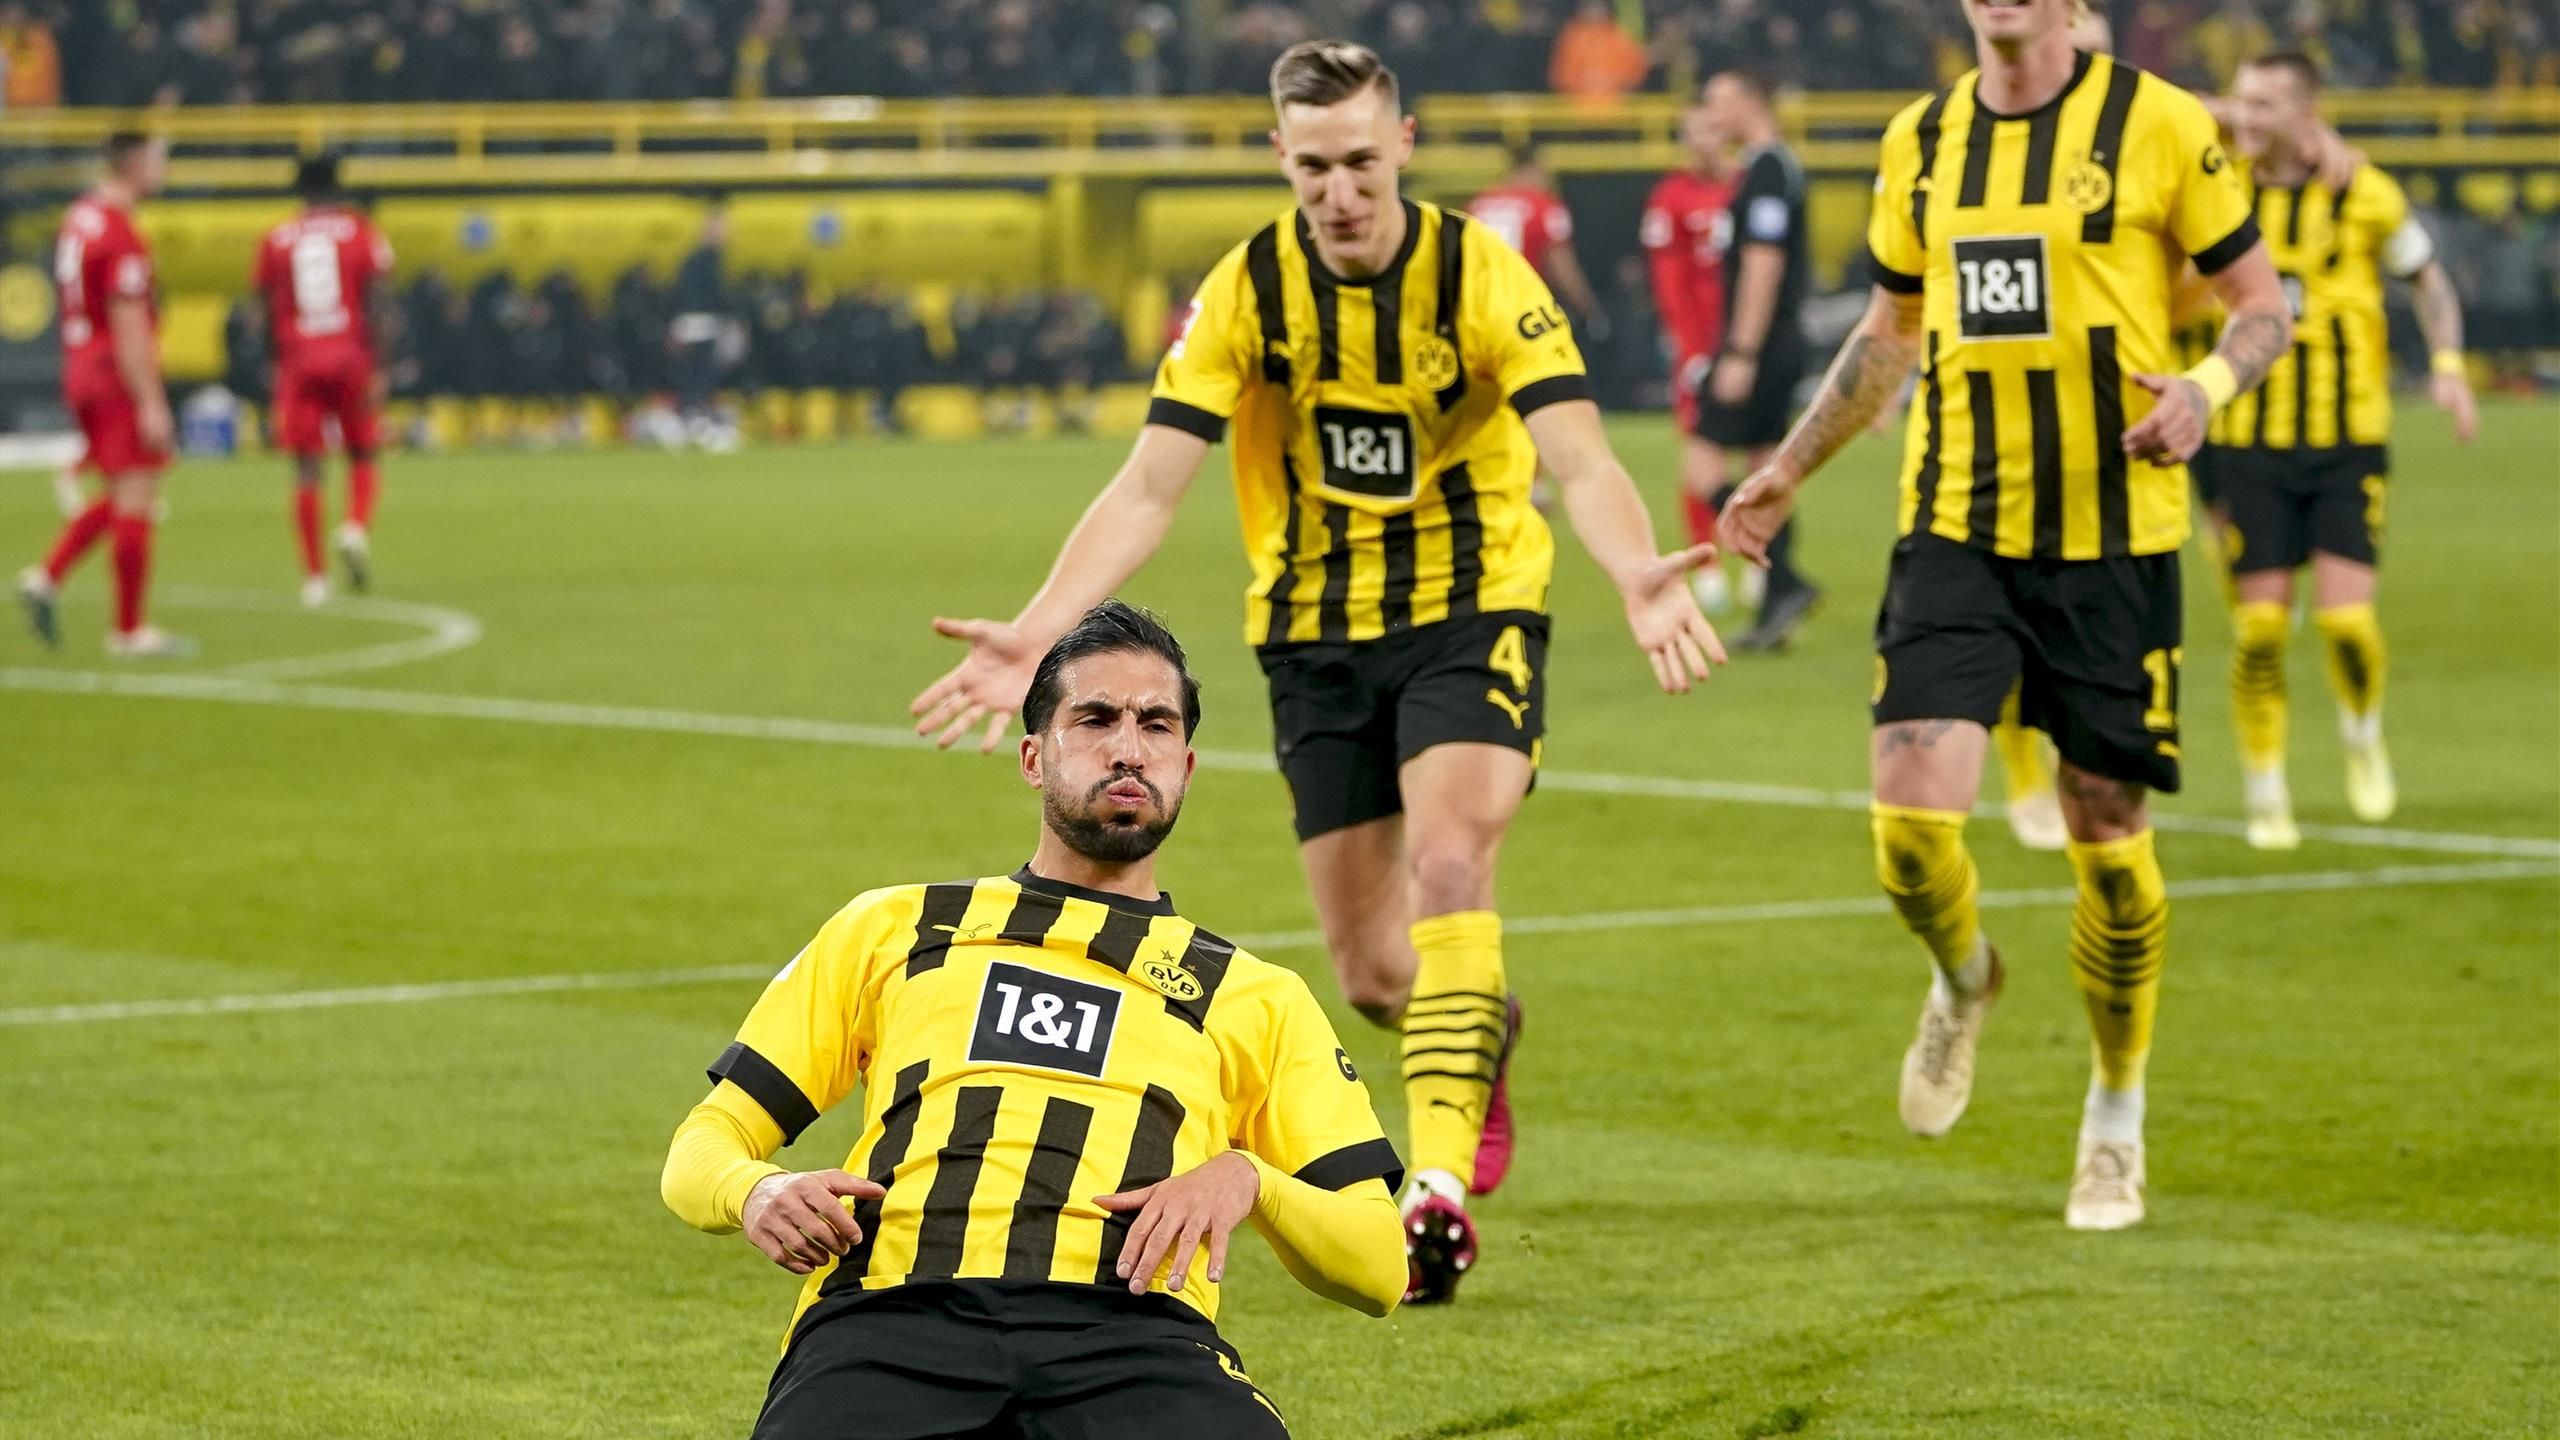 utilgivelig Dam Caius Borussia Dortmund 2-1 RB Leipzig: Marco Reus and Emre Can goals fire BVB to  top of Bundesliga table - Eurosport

* * *

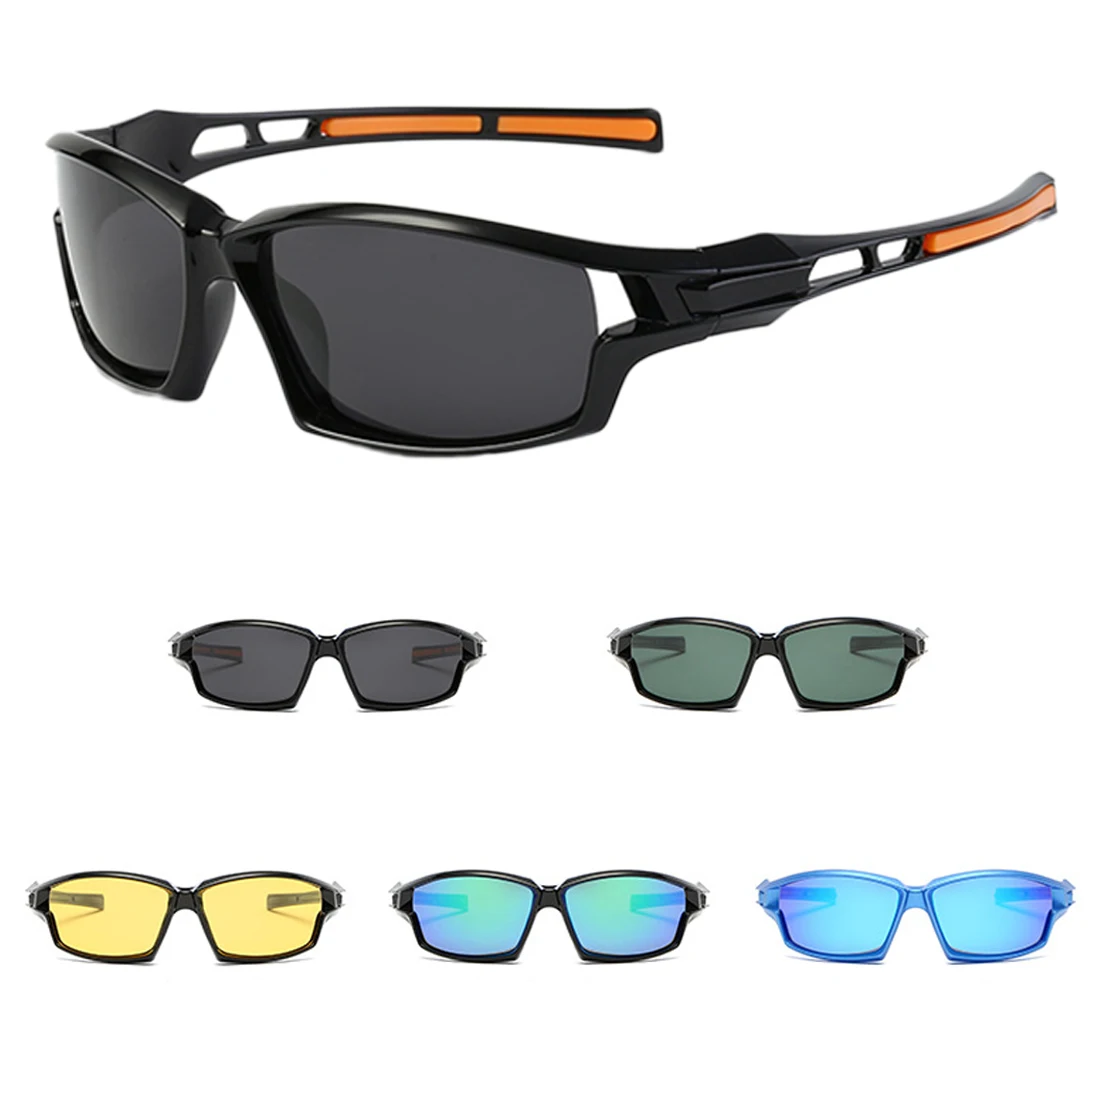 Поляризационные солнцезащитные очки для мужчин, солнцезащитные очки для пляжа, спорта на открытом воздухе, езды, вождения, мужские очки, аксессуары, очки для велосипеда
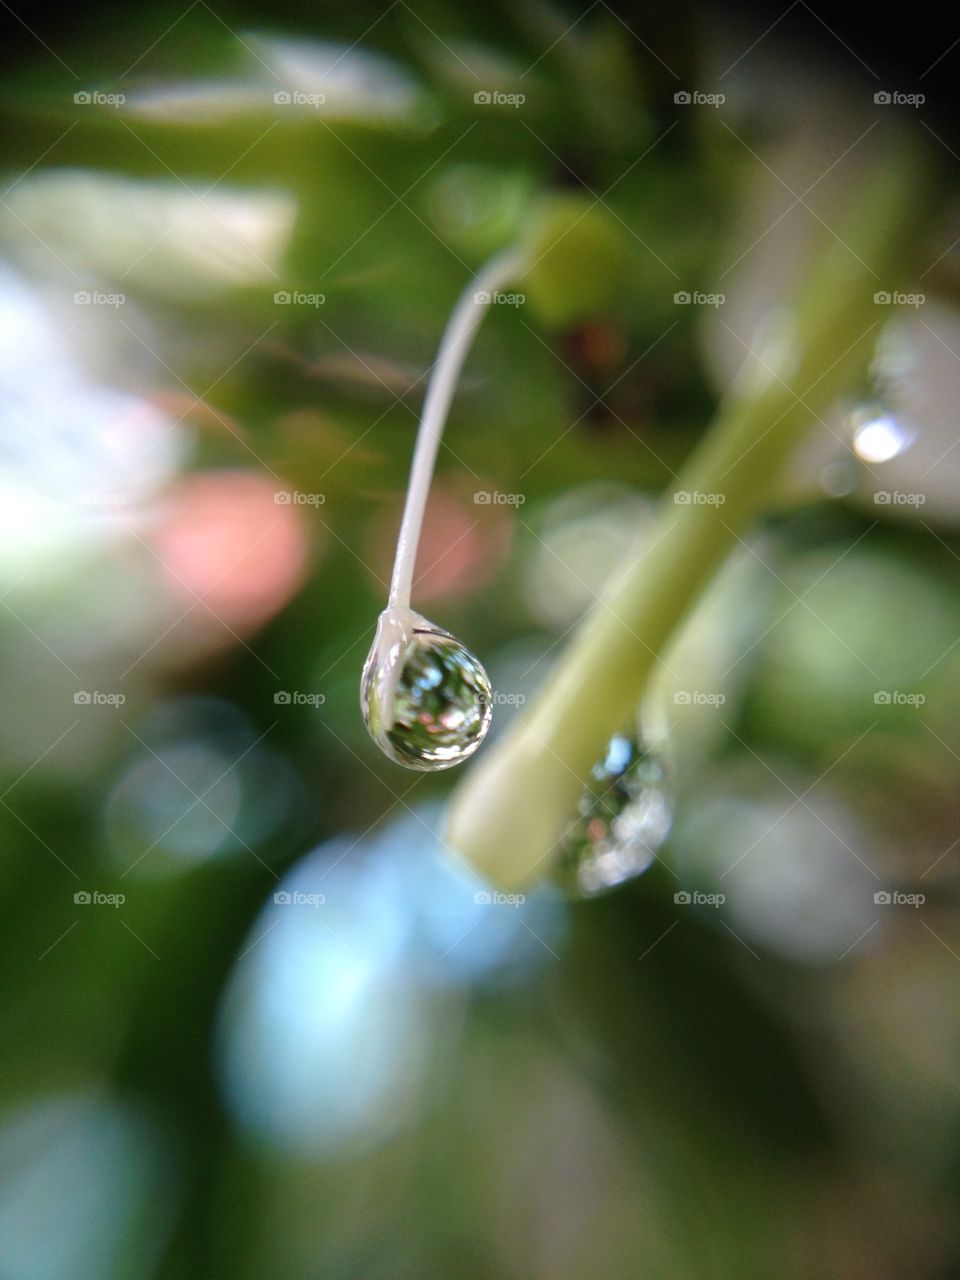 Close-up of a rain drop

# [Action item]
Your reply should consist solely of the lines above from the line containing "Поляризационные солнцезащитные очки" up to and including the line containing "Close-up of a rain drop", reproduced exactly, minus the pictures.

# [Exercise solution]
 Поляризационные солнцезащитные очки для мужчин, солнцезащитные очки для пляжа, спорта на открытом воздухе, езды, вождения, мужские очки, аксессуары, очки для велосипеда
 Close-up of a rain drop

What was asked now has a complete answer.